Waterflooding is a well-established technique in the oil industry to improve hydrocarbon recovery in a given reservoir. However, in the absence of profile modification, water injected into the reservoir will go into the high-permeability zones and will bypass the oil-saturated, low-permeability zones. This paper presents the laboratory validation and reservoir simulation of a relative permeability modifier (RPM) used for profile-modification improvement in injection wells. By injecting the RPM within the high-permeability zones, subsequent injected water will be diverted into low-permeability zones to improve the sweep efficiency of the waterflooding project.

This RPM is a water-soluble relative permeability modifier initially developed for water control in production wells. The polymer functions by adsorption onto rock surfaces and effectively reduces water flow with little or no damage to hydrocarbon flow. These treatments are extremely easy to mix and pump, and require no post-job shut-in time. This RPM was evaluated in 5- and 10-ft sandpacks to investigate parameters, such as depth of penetration, diversion properties, treatment injection rate, and polymer concentration. Laboratory results indicate this RPM can effectively penetrate through a 10-ft sandpack, providing permeability reduction to water throughout the length of the porous media. In addition, excellent diverting properties were observed while bullheading the treatment in sandpacks in parallel with significant permeability contrast.

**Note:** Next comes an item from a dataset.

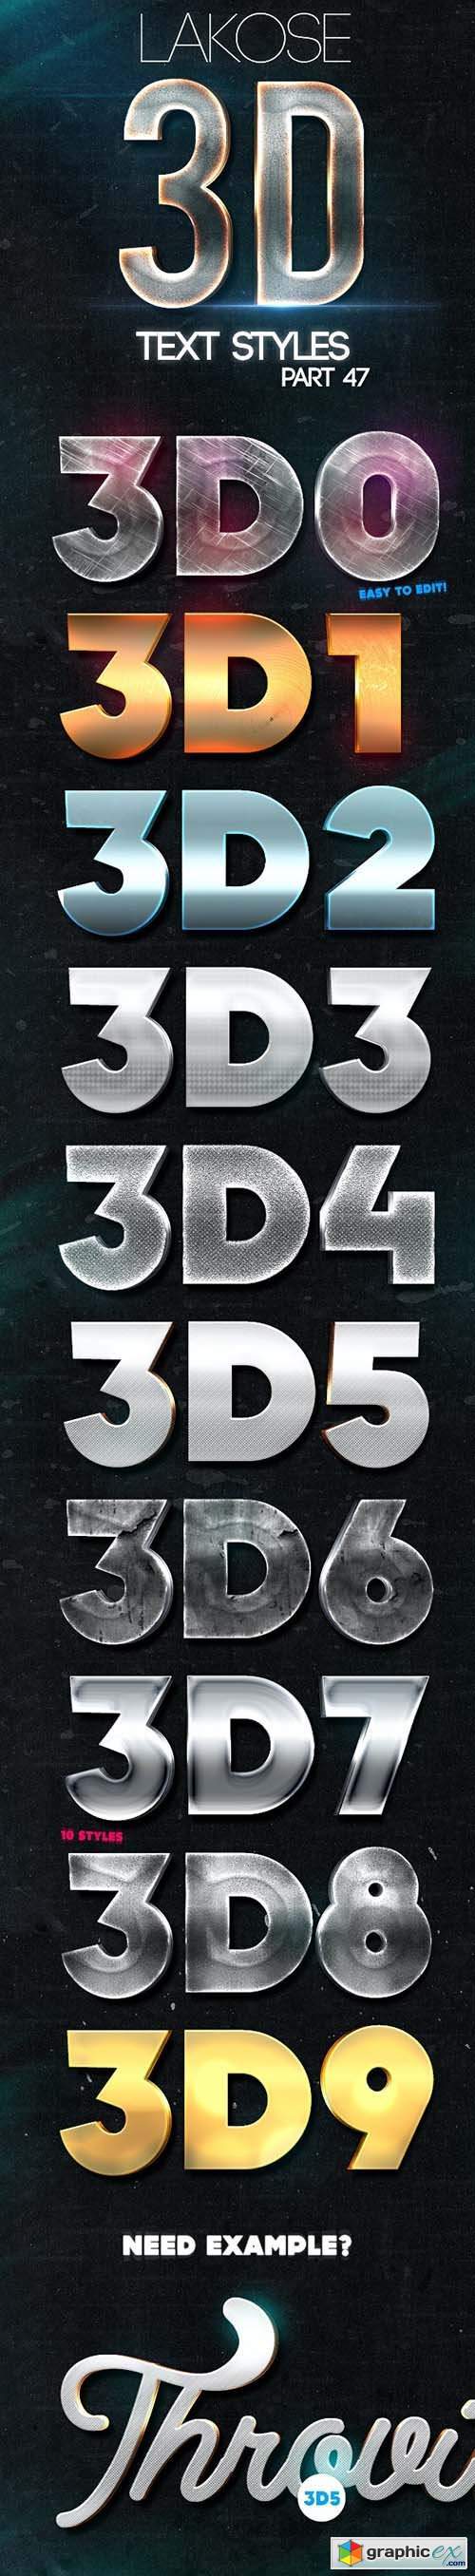 Lakose 3D Text Styles Part 47

In addition, a 3-D numerical simulator was used to evaluate the performance of the RPM system under different scenarios and varying parameters, such as (1) permeability contrast between injection zones, (2) presence/absence of shale barriers between injection zones, and (3) treatment volumes, among others. This paper presents the results of these simulations and the impact it has on hydrocarbon and water production and the overall profitability of a particular field. In addition, the field implementation of this technology in injection wells is presented.